Arterial stiffening may amplify BP fluctuations, potentially driving elevated BPV in association with neuronal atrophy (Ma et al., 2020b). While the present investigation was not able to characterize arterial stiffness in the study sample, future work exploring relationships with arterial stiffening may better clarify the contribution of arterial health on brain volume decline. Relatedly, investigating the role of BPV in patterns of brain atrophy as a vascular mechanism linking BPV to dementia risk may have therapeutic implications. Emerging evidence suggests that some classes of antihypertensive medication have differential effects on the variability of BP for risk of stroke, independent of average levels (Webb et al., 2010). Large studies adequately powered to investigate treatment effects on BPV, for antihypertensive monotherapy as well as for combination therapy, may lead to additional therapeutic strategies beyond aggressive BP control for the prevention of cognitive impairment. Importantly, BP is a highly modifiable risk factor for dementia (Barnes & Yaffe, 2011) and even slight changes in BP control may have large public health implications for both cardiovascular and cognitive outcomes (Yaffe, 2019).

The present investigation has a number of strengths. First, by investigating volumetric change after the measurement of BPV, we were able to appreciate the temporal order of the role of BPV and the possibly synergetic effects of BPV and APOE ϵ4 on volumetric change in brain regions implicated in early AD pathology. Second, to further highlight the possibility of BPV as a vascular risk factor in the context of AD, we utilized participant subsets who were confirmed to have AD pathophysiology based on CSF measurement of AD biomarkers Aβ and Ptau.
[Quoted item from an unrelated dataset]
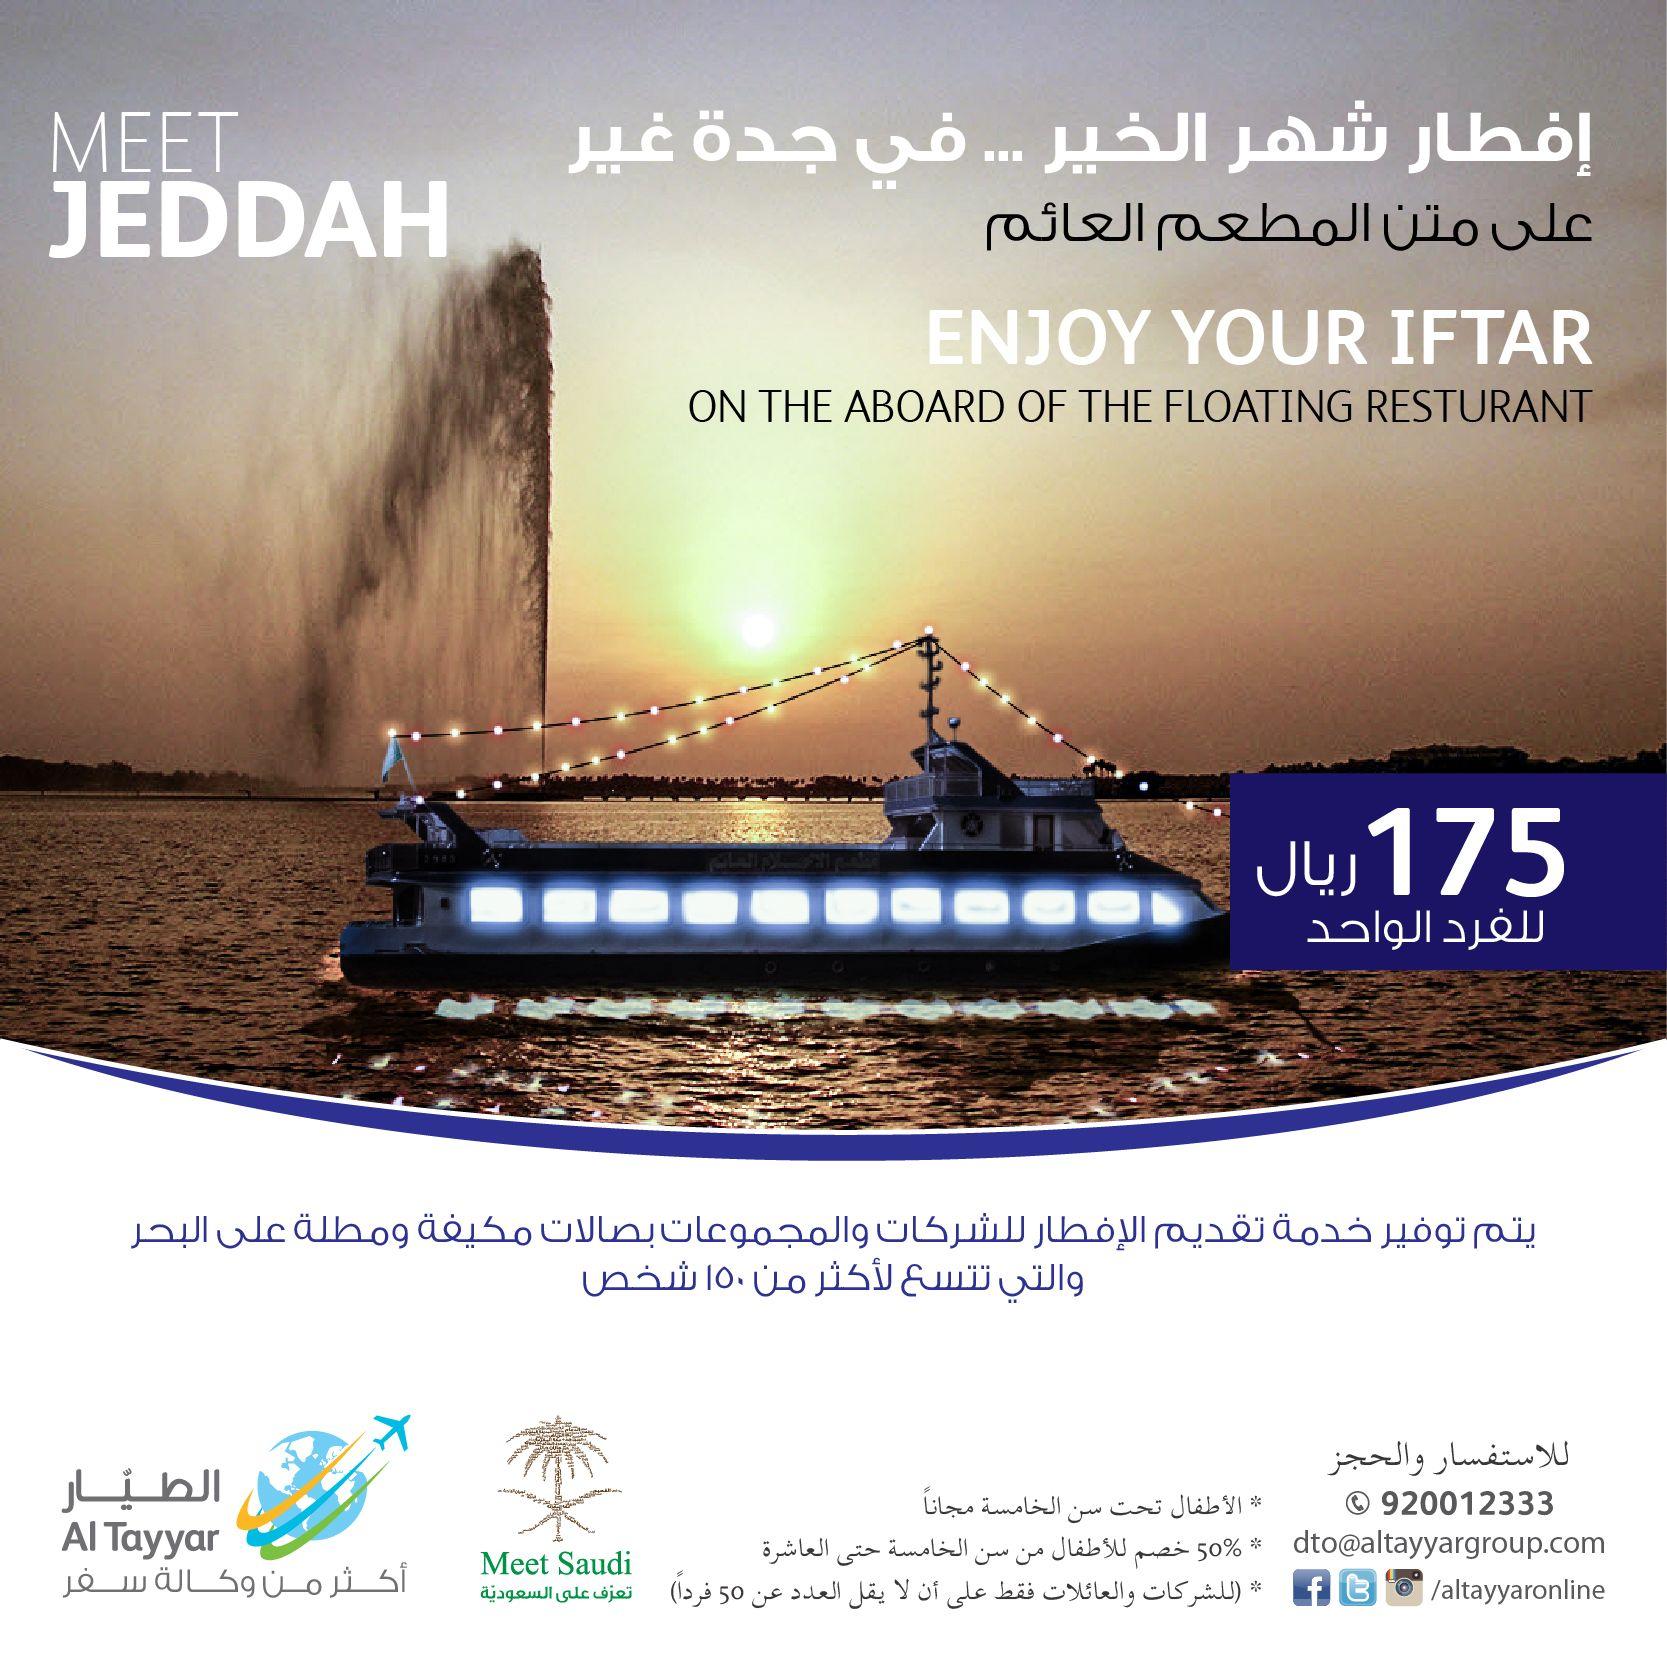 Pin By Altayyar Travel Group On عروض متنوعة على مدار العام Enjoyment Jeddah Resturant
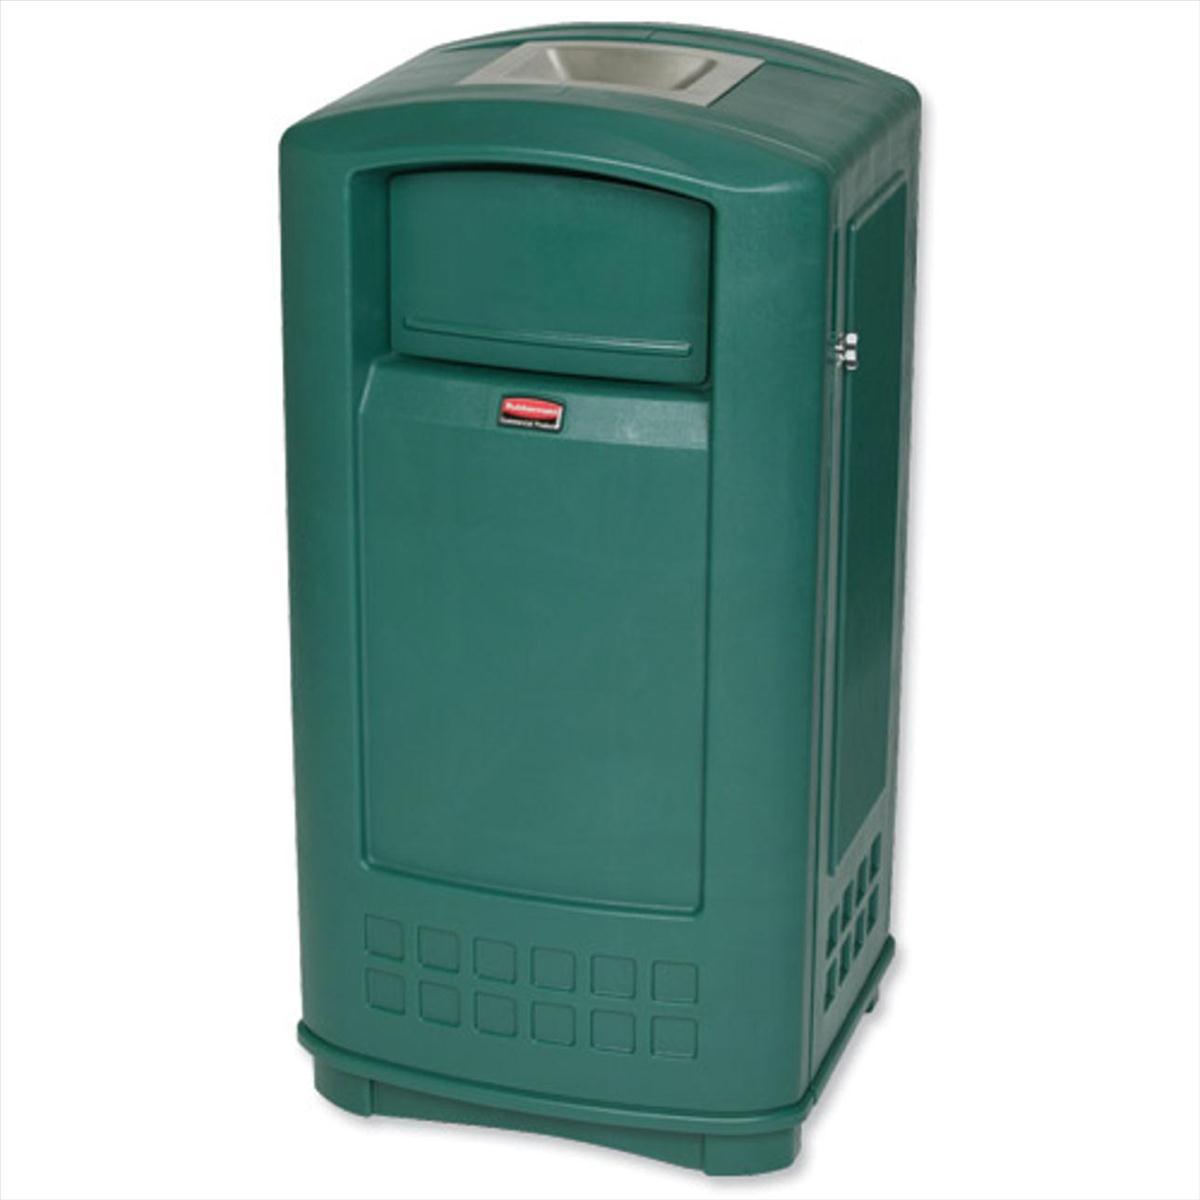 Rubbermaid Landmark Bin Durable Plastic With Ashtray Spring Loaded Doors 189 1 Litre Green Ref 3965 58

The study has several noteworthy limitations. Some aspects of BP collection were not explicitly standardized across sites. Additionally, the ADNI database is largely comprised of non-Hispanic White older adults; thus, generalizability of findings to other racial and ethnic groups is limited. There is mixed evidence for whether the relationship between BPV and cerebrovascular disease may differ by race or ethnicity (Brickman et al., 2010; Tully et al., 2020). Studies involving more diverse samples will help to understand potential differences. As part of the inclusionary enrollment criteria for ADNI, the current study did not include older adults with more extensive cerebrovascular disease. Increased BPV has been associated with cerebrovascular damage, which may act as a potential confounder of brain atrophy (Ma et al., 2020a; Sible et al., 2021a; Tully et al., 2020) and contribute to biomarker evidence of AD, possibly independent of APOE ϵ4. Studies that include samples with varying levels of cerebrovascular disease severity will help clarify the relationship between BPV, cerebrovascular damage, and neurodegeneration.

Conclusions

Elevated BPV in older adults was related to brain volumetric change over time in regions implicated in AD dementia and pathology, independent of baseline hypertension. APOE ϵ4 moderated this relationship, suggesting a potentially synergetic effect of both elevated BPV and APOE ϵ4 on volumetric decline. Finally, patterns of decline were observed to be strongest in individuals with AD pathophysiology, which may implicate BPV as an understudied aspect of vascular contributions to dementia.